SAN FRANCISCO — Globalfoundries has asked European regulators to investigate rival chip foundry TSMC, accusing its larger competitor of unfair competition, according to a report by the Reuters news service.
Globalfoundries (Milpitas, Calif.) has claimed to the EU's legislative and regulatory arm, the European Commission, that TSMC unfairly uses loyalty rebates, exclusivity clauses and bundled rebates as well as penalties to discourage customers from switching to rivals, according to the report, which cites an anonymous semiconductor industry source.
A spokesman for Globalfoundries said the company is not surprised to learn that the European Commission is investigating allegedly anti-competitive behavior by TSMC, which has "a virtual lock" on supply.

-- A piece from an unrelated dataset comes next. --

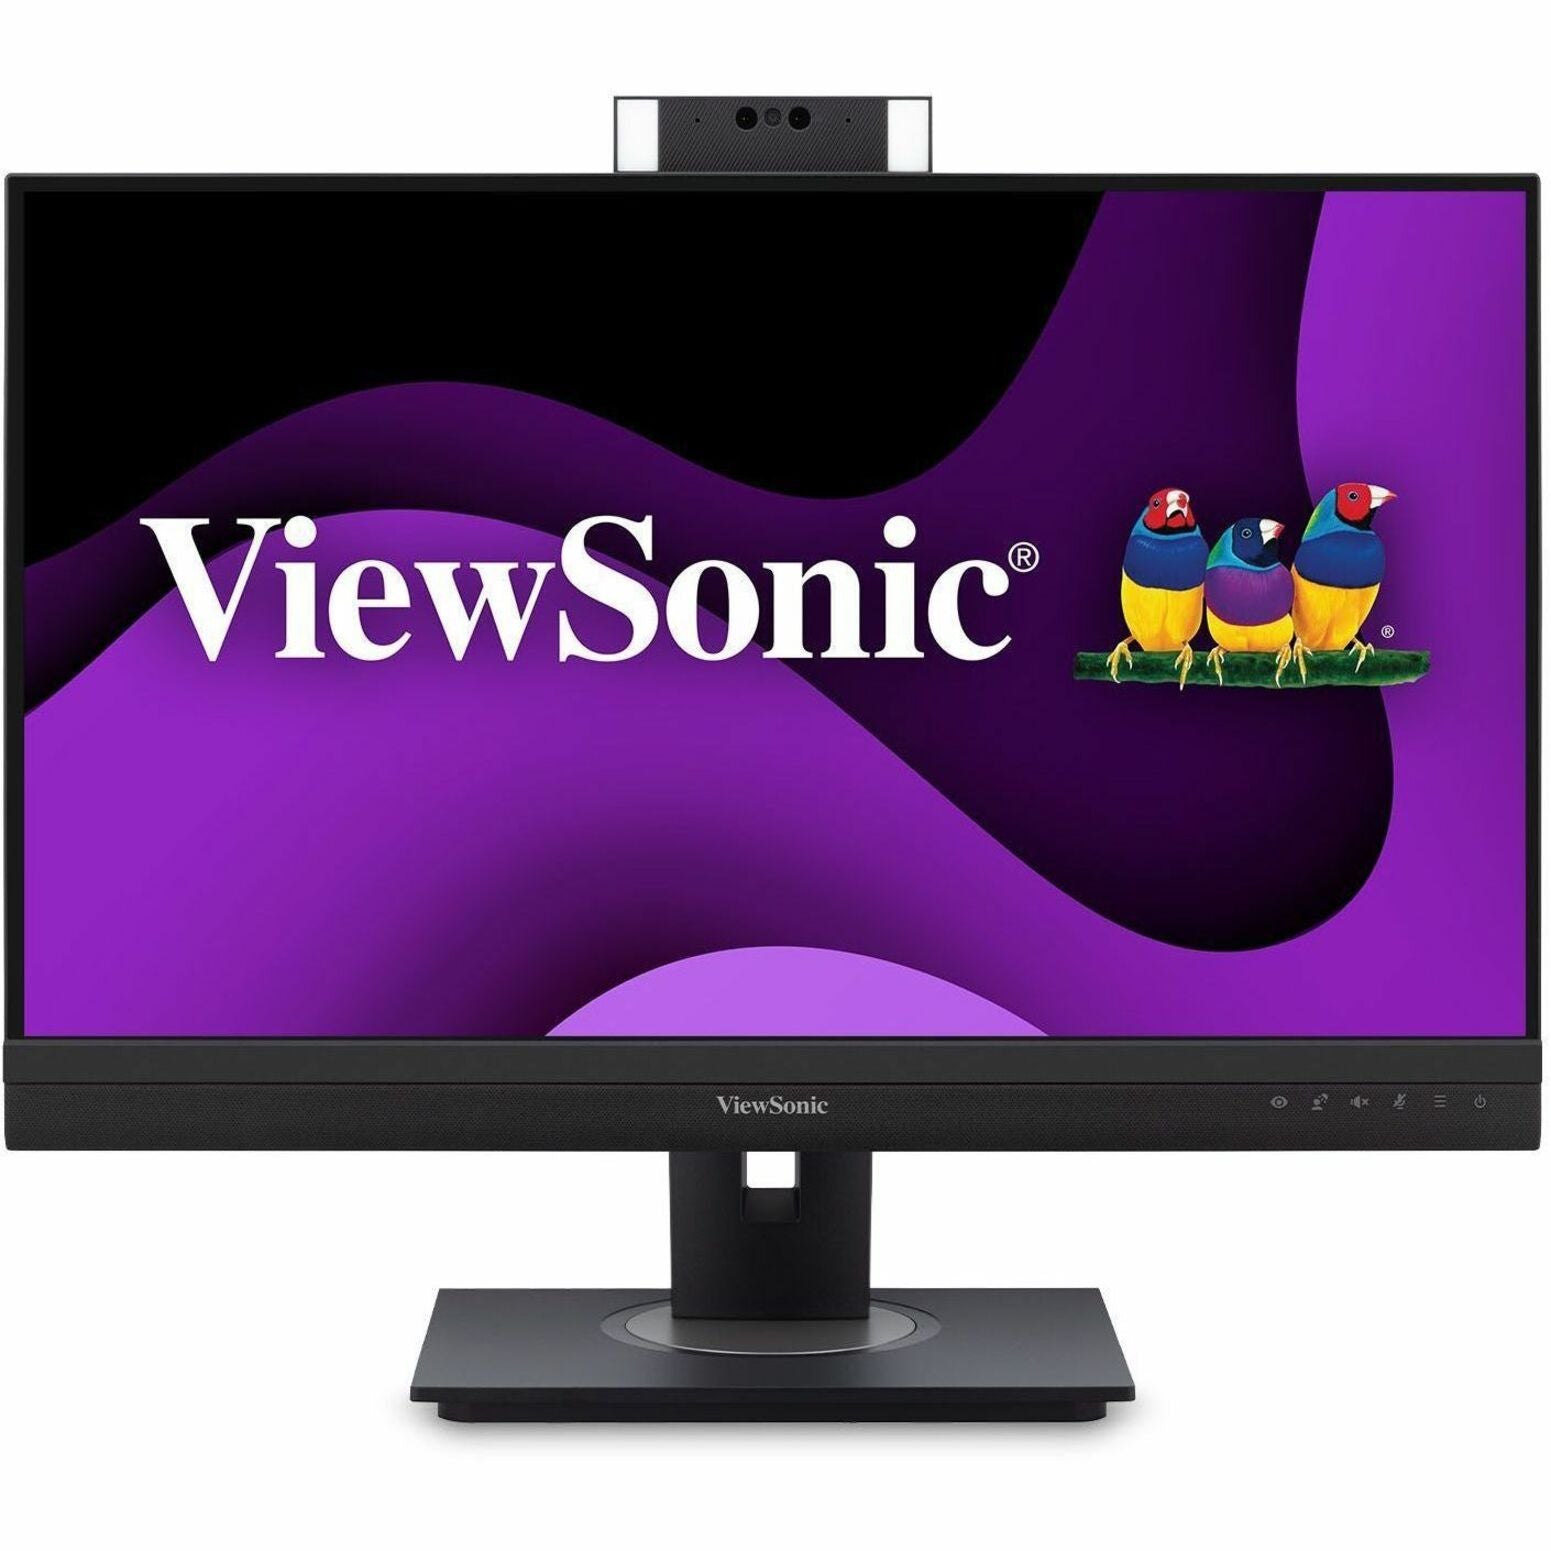 ViewSonic   27IN  1440P   VIDEO CONFERENCING  MONITOR  WITH  WINDOWS HELLO  COMPATIBLE  IR  WEBCAM 9 (VG2757V-2K)   ビューソニック  27インチ  1440P  ビデオ会議 モニター  ウィンドウズ ハロー  対応  IR ウェブカメラ、9（VG2757V-2K)

"It's prudent for the regulator to monitor behaviors more closely and Globalfoundries will naturally support regulatory agencies as they take a closer look at this key industrial sector for Europe and the world," the spokesman said in an emailed statement.
A TSMC spokeswoman told EE Times that it has received no official request from any legal authority related to the allegation.
In an emailed statement, the spokeswoman said: "Our customers always have the freedom to choose, which we respect greatly, and they choose us because of the value we deliver toward their long term success. Any accusation that TSMC threatens or harms customers is absolutely baseless, and we will vigorously defend our hard-earned trust and our most valued reputation."
TSMC is far and away the market leader in the pure play foundry space, with 2016 market share of 59 percent, according to market research firm IC Insights. Globalfoundries is the No. 2 player in the market, with 2016 share of 11 percent, according to research firm.